In March, just a year after officially cutting ties with the rest of the family, Meghan and Harry sat down for a two-hour tell-all with Oprah. The revelations included, among other things, Meghan’s suicidal thoughts, her harassment at the hands of the press and Harry having to get a job for the first time – but the stickiest and not all too surprising one involved their son Archie. Although they refused to reveal exactly who said it, Megan claimed that a member of the royal family had “concerns and conversations about how dark his skin might be when he’s born”.
Naturally, the interview aggravated the more right-wing end of the British press who, like clockwork, tried to force Black pundits to go on Good Morning Britain and debate racism with Piers Morgan. But the most pressing question that came out of it was: Which member of the royal family said the offensive line?
In the days and weeks after the interview aired, the Royal Family concocted a series of heavy-handed PR stunts to save face. While on a visit to an east London school, Prince William told the press “No, we are very much not a racist family” while the Queen announced a “diversity drive” to “modernise the monarchy”.
Nothing they tried to pull off went smoothly. Even the death of Prince Philip, the queen’s husband of 73 years, only served to resurrect his old one-liners in the press, including that old racist classic: “Do you still throw spears at each other?” Even his death itself was overshadowed on Radio 1’s Dance Anthems, where the announcement of his passing was reduced to an interruption of a bass drop.
The other dark cloud that continues to loom is Prince Andrew’s involvement in the Jeffrey Epstein case, something that has trickled down from last year.
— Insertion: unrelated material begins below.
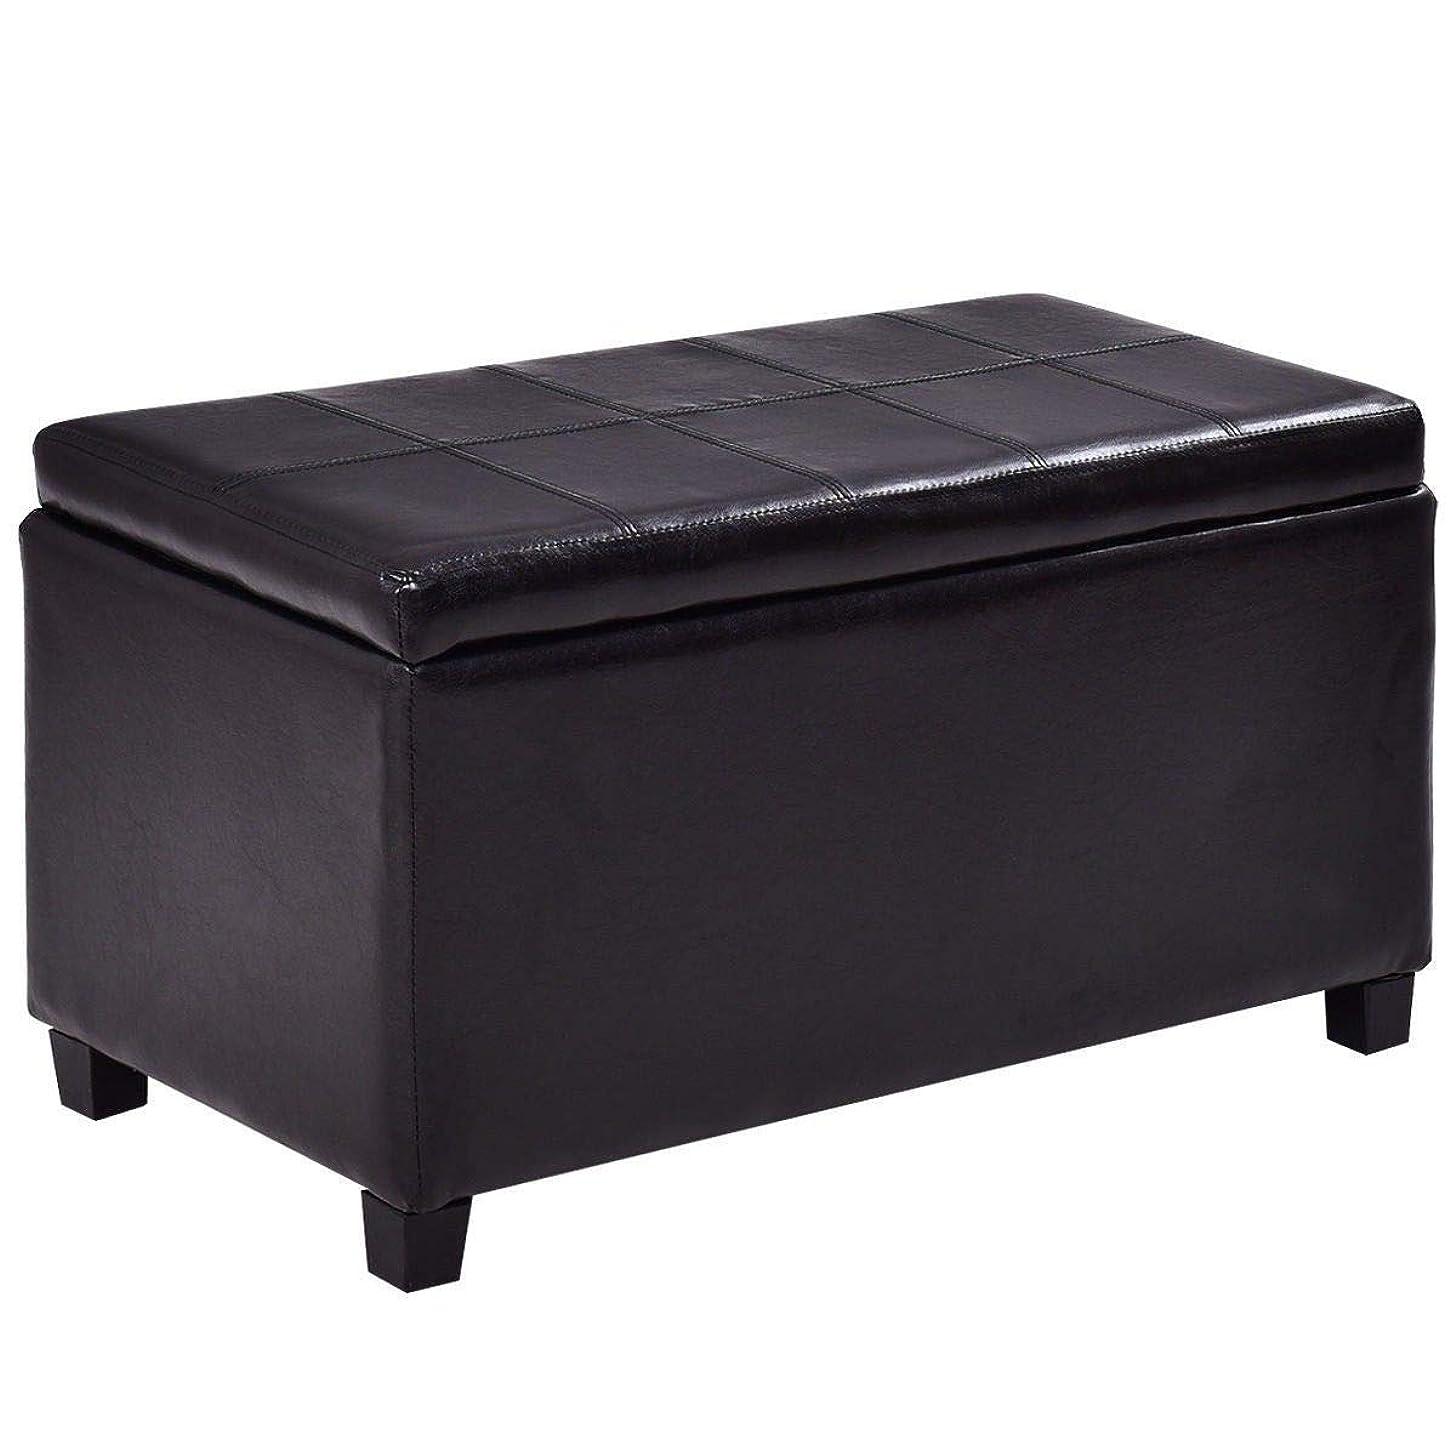 Black Large PU Leather Bench Pouffe Box Lounge Storage Seat Storage Chest Storage Ottoman Bench Home Bedroom Large Footstool Organizer Furniture(U.S. Stock)
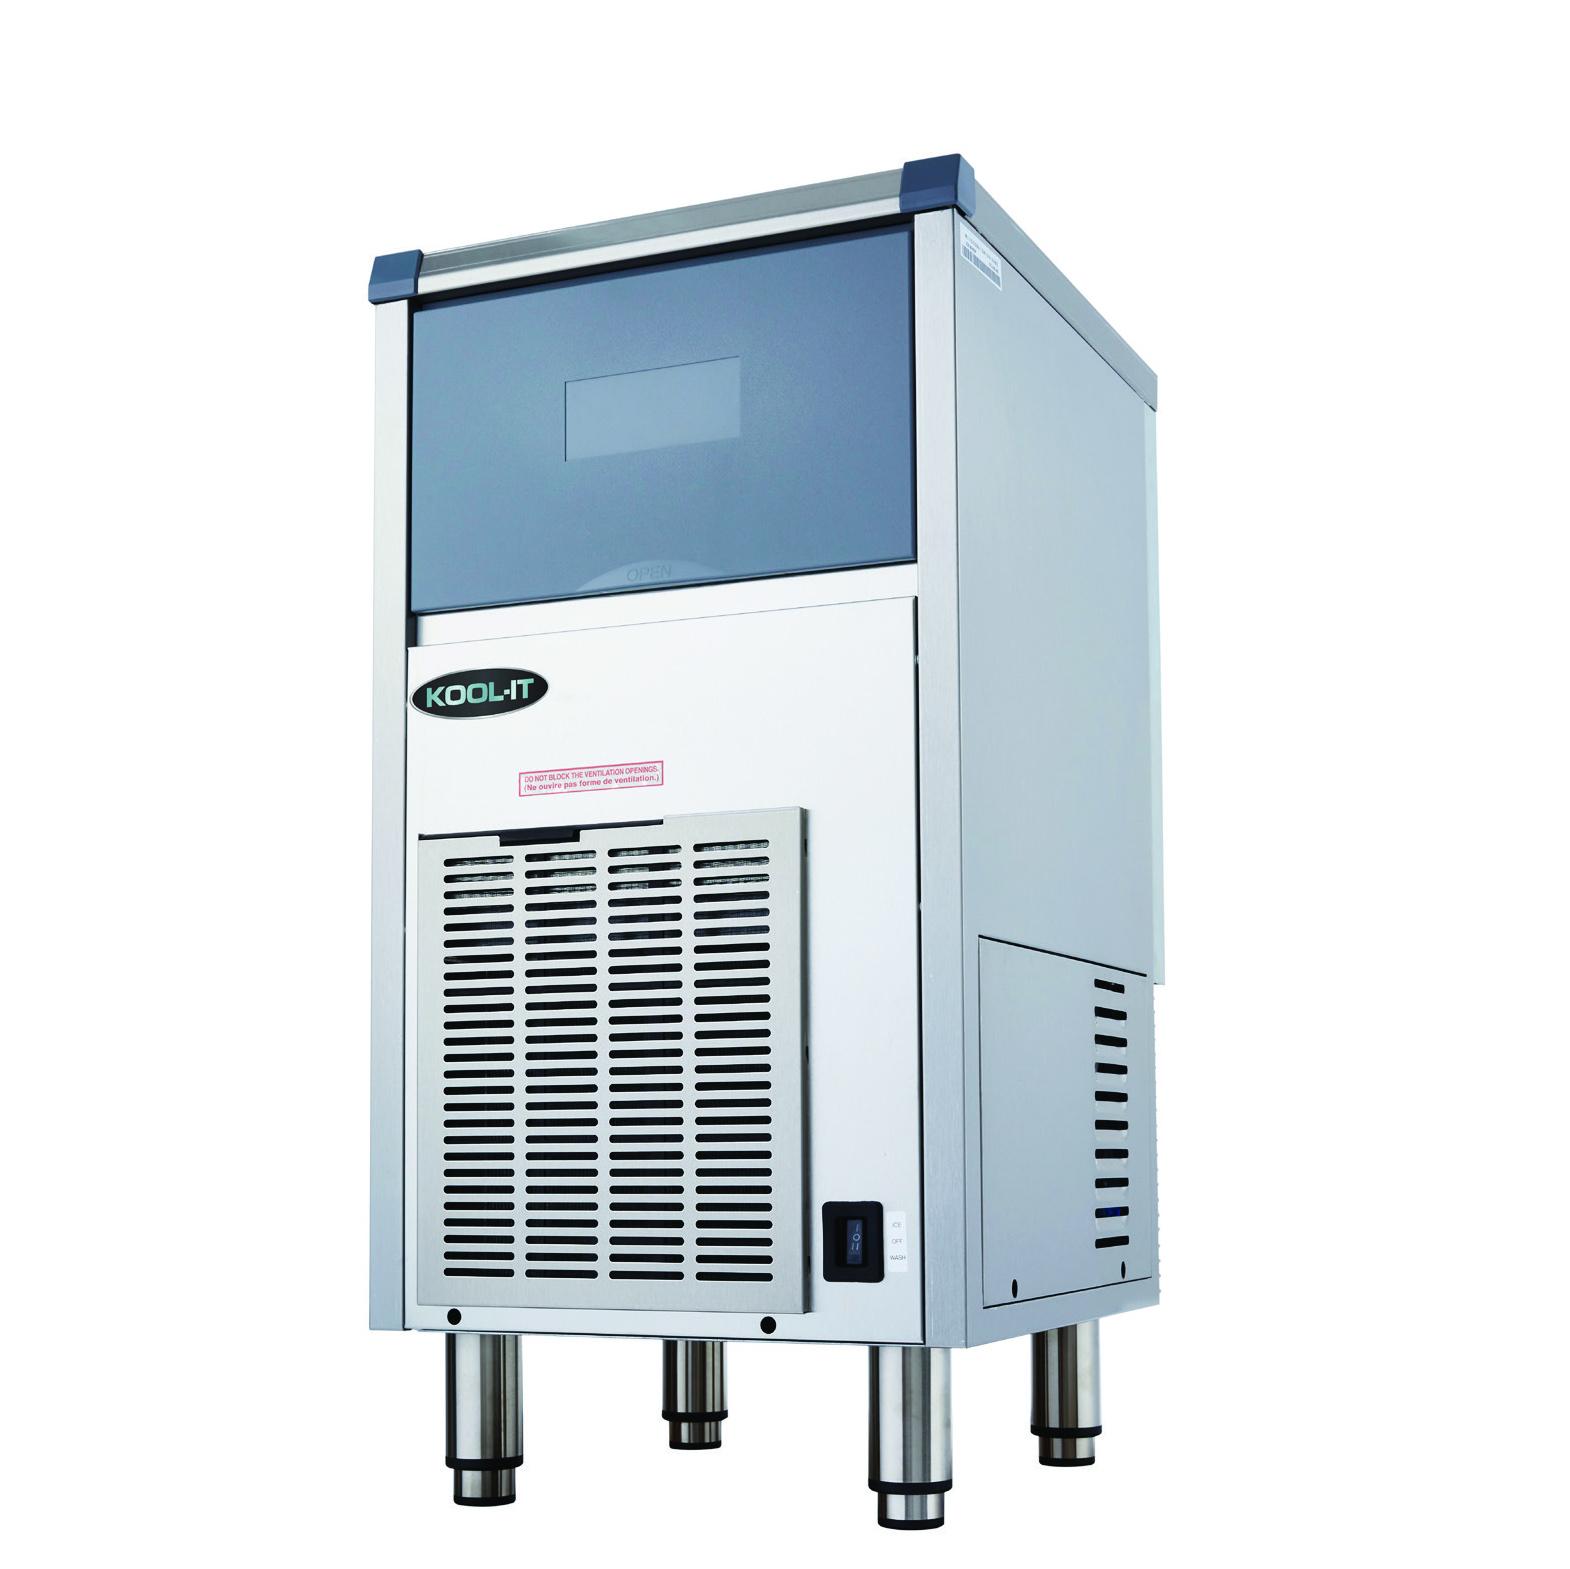 MVP Group LLC KCU-80-AB ice maker with bin, cube-style

According to reports in The Mirror Andrew has had to “cancel Christmas” for his lawyers – paid for by his mum – to prepare for his court hearing in early January next year. (He has steadfastly denied all allegations of sexual abuse.)
Three in five Brits still support the Royal Family, but a growing number of young people believe that the UK should give them the boot. And the traditional deference to Your Maj may be fading fast, with announcements about the Queen’s ill health transformed into memes and jokes about our putative ruler having a Hot Girl Winter, shagging Pete Davidson and getting a BBL. And that’s before you even get into the overseas perception of the monarchy, with Barbados removing the Queen as its head of state, and Jamaica soon to follow suit.
Still, the inevitability of having Prince Charles as king in the near future might be what actually pushes the family over the edge. Can you imagine singing “God Save the King” to a man who once said he wanted to be reincarnated as a tampon? Right now, the only thing holding the monarchy’s image together is a 96-year-old woman who can apparently be forgiven for all sins, as she’s effectively Britain’s nan. It’s clear that the Windsors will have to work overtime to claw back any popularity when she dies, but whether the Queen will call up Kris Jenner to come on board as the royal drama consultant remains to be seen.